[Start of section]

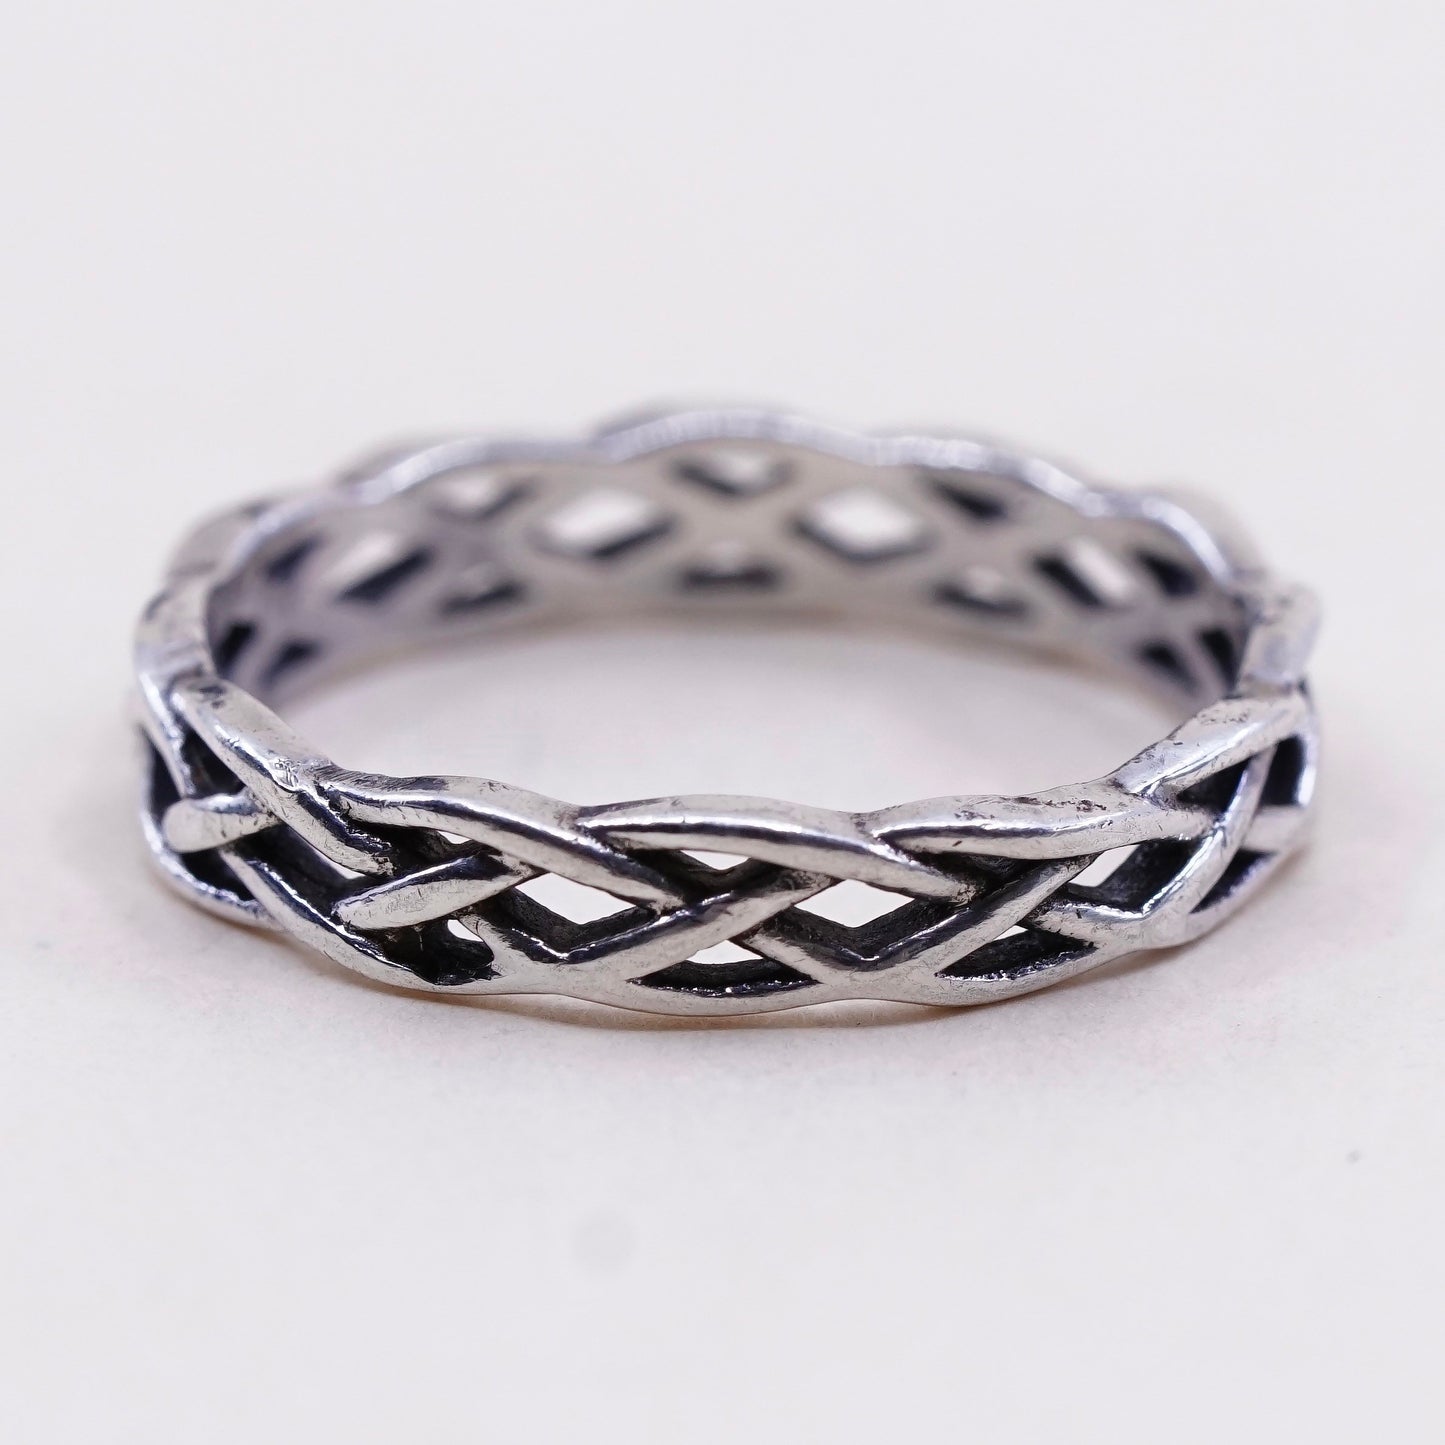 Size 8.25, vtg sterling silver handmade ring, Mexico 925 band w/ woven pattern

[End of section]
[Start of section]

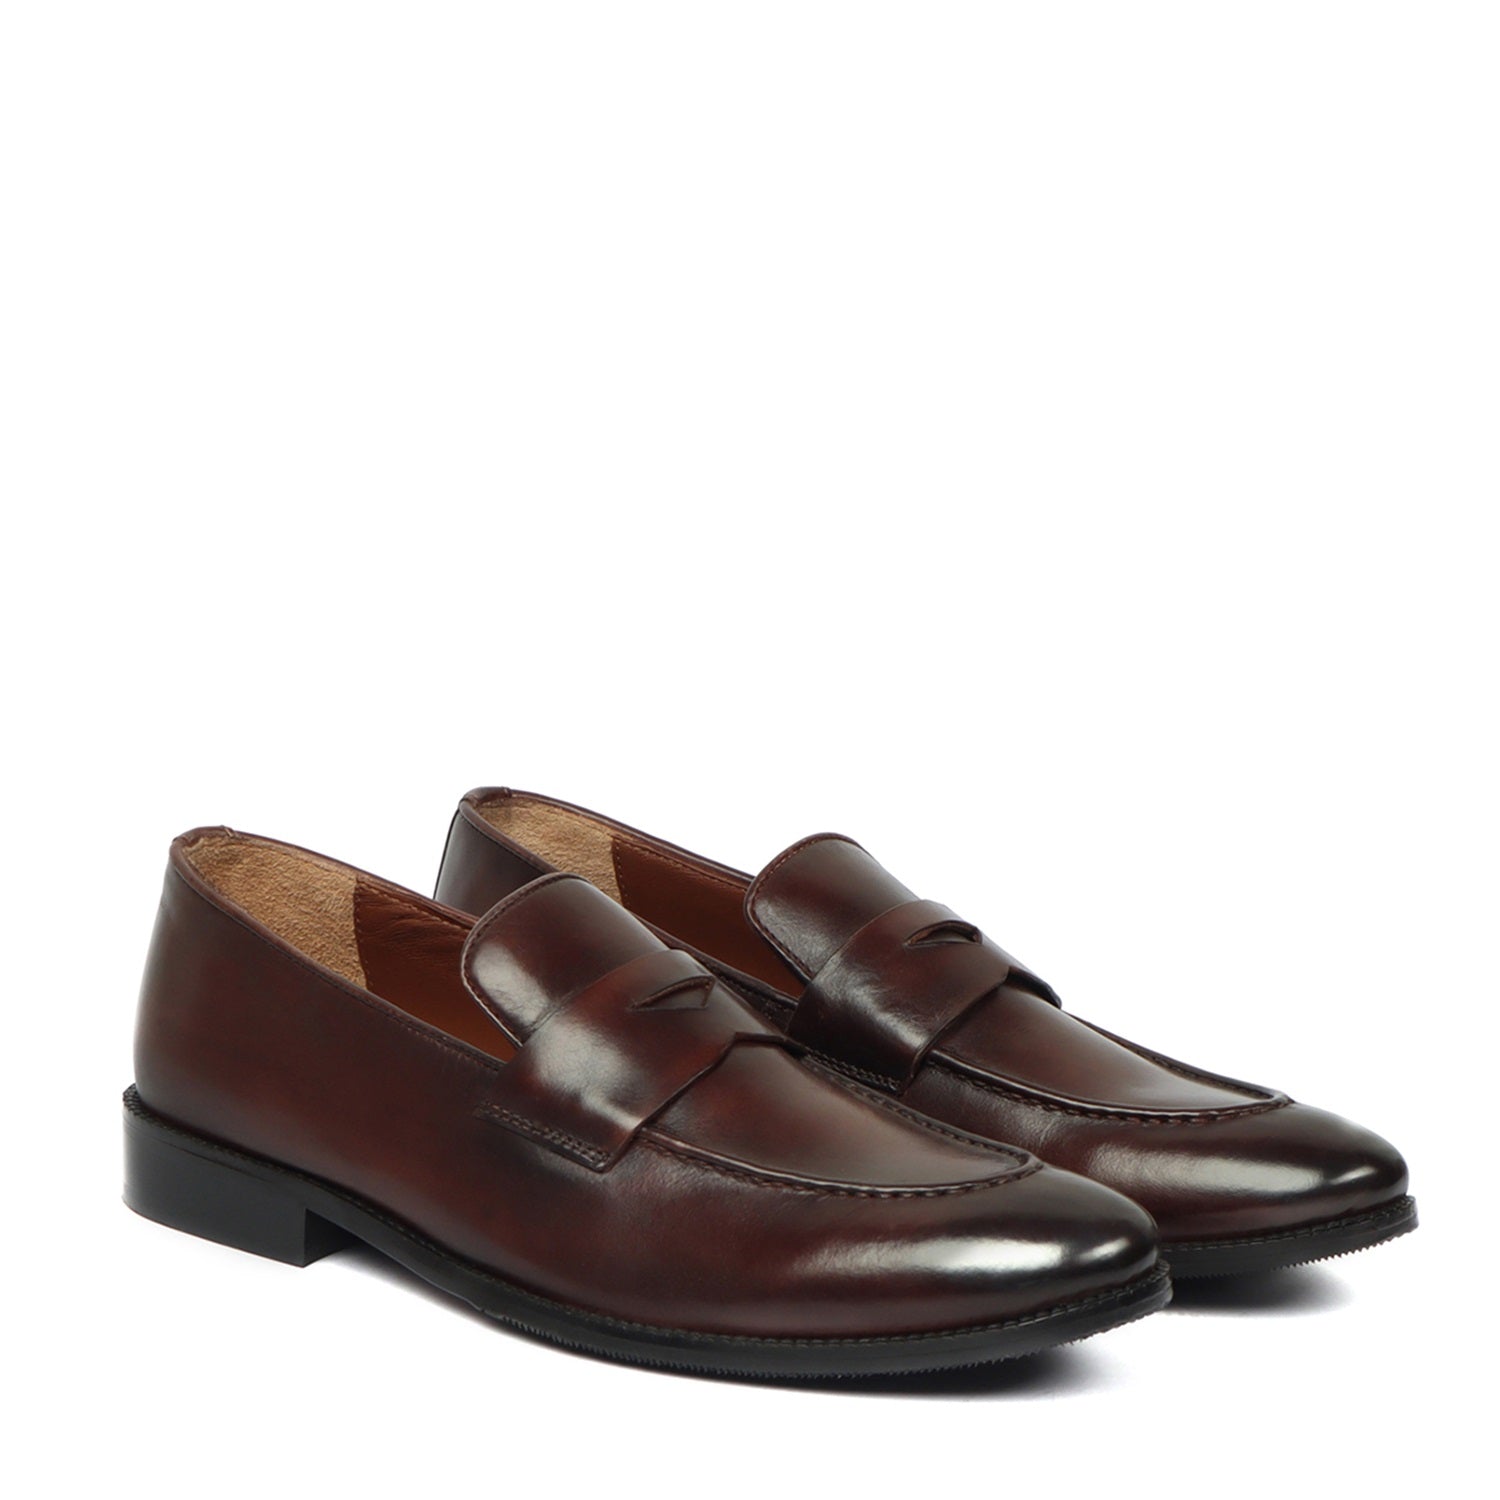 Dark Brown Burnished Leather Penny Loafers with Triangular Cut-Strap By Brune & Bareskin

[End of section]
[Start of section]

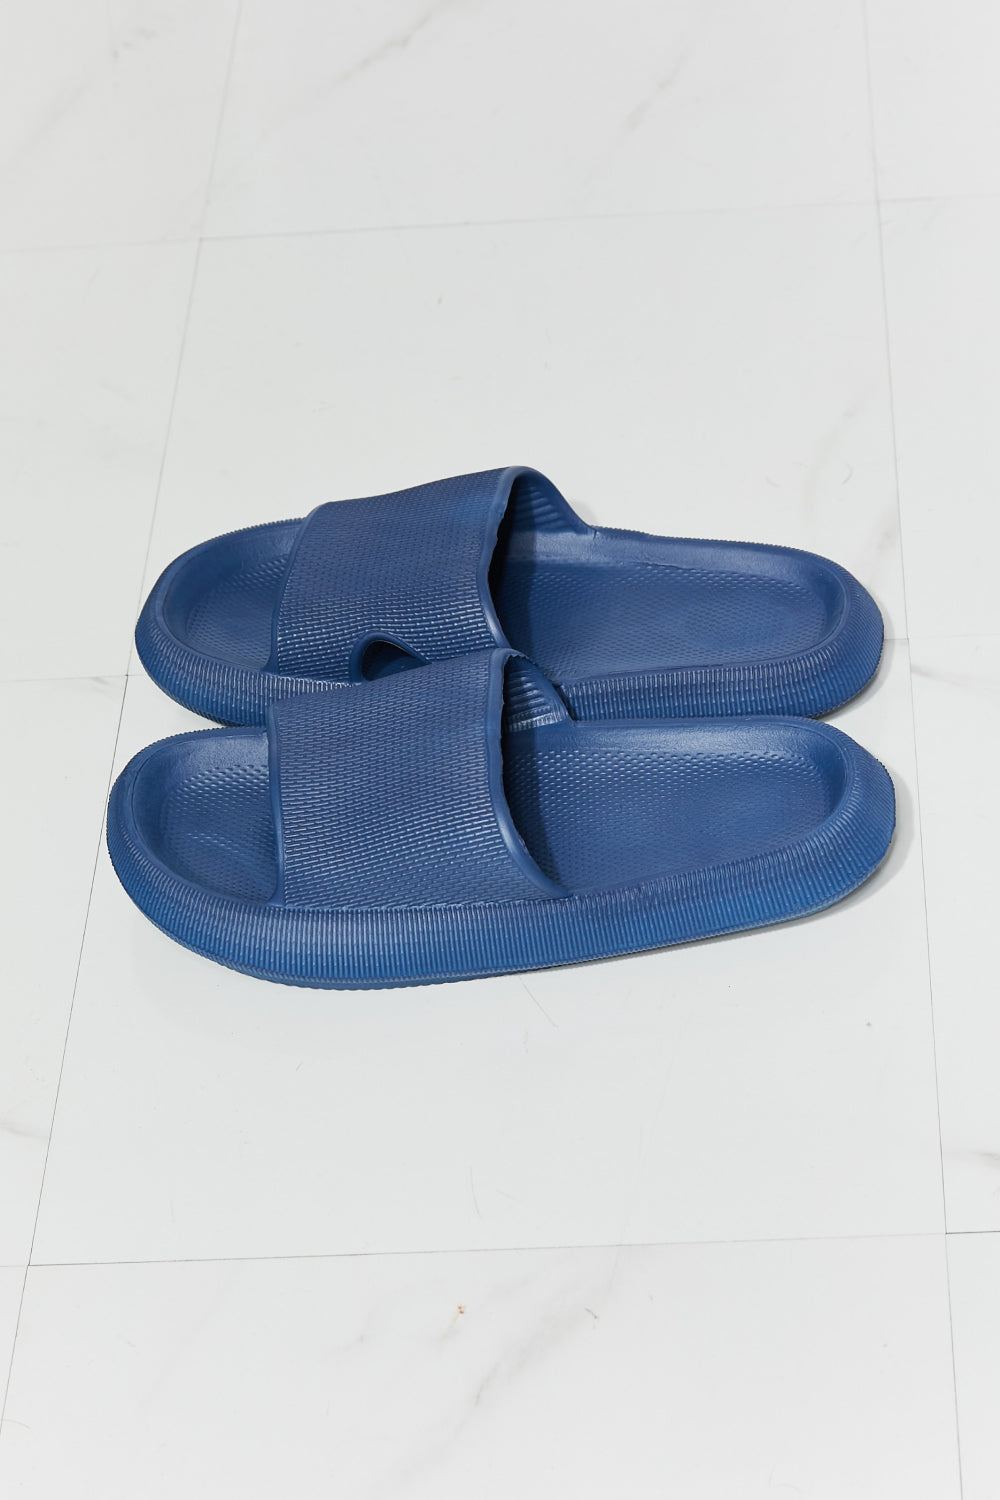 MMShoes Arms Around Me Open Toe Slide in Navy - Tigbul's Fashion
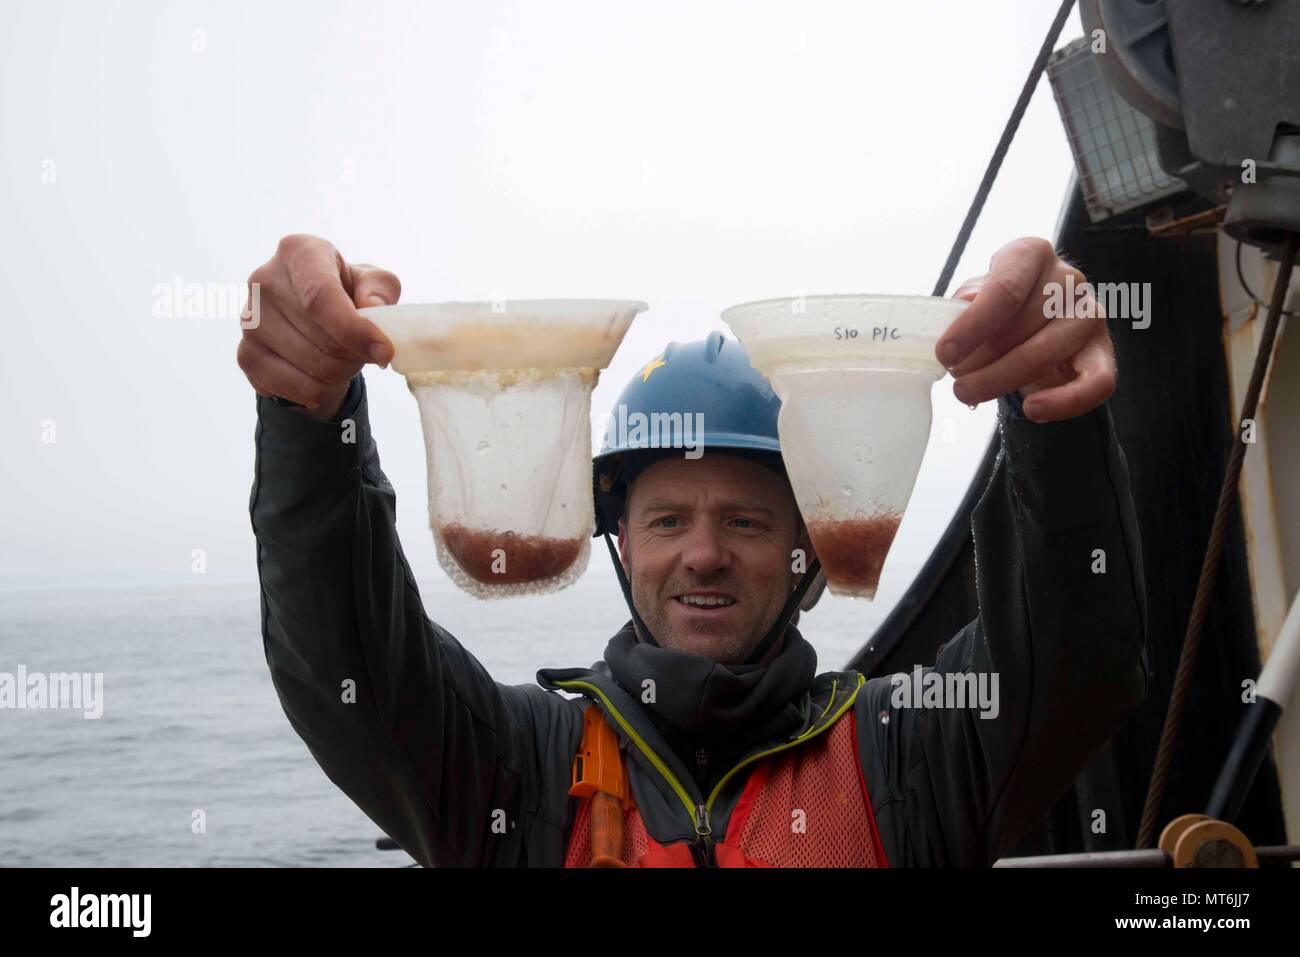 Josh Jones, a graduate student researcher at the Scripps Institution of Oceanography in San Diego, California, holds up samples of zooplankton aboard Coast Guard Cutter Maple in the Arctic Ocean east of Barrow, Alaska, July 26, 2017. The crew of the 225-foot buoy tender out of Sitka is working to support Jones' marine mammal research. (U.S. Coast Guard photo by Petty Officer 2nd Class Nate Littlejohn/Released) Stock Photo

[End of section]

→ **TASK DETAILS**:
Reproduce word for word, with pictures dropped, only the part of the material above that opens with the line containing "MMShoes Arms Around" and closes with the line containing "Josh Jones, a".

→ **COMPLETED TASK**:
 MMShoes Arms Around Me Open Toe Slide in Navy - Tigbul's Fashion
 Josh Jones, a graduate student researcher at the Scripps Institution of Oceanography in San Diego, California, holds up samples of zooplankton aboard Coast Guard Cutter Maple in the Arctic Ocean east of Barrow, Alaska, July 26, 2017. The crew of the 225-foot buoy tender out of Sitka is working to support Jones' marine mammal research. (U.S. Coast Guard photo by Petty Officer 2nd Class Nate Littlejohn/Released) Stock Photo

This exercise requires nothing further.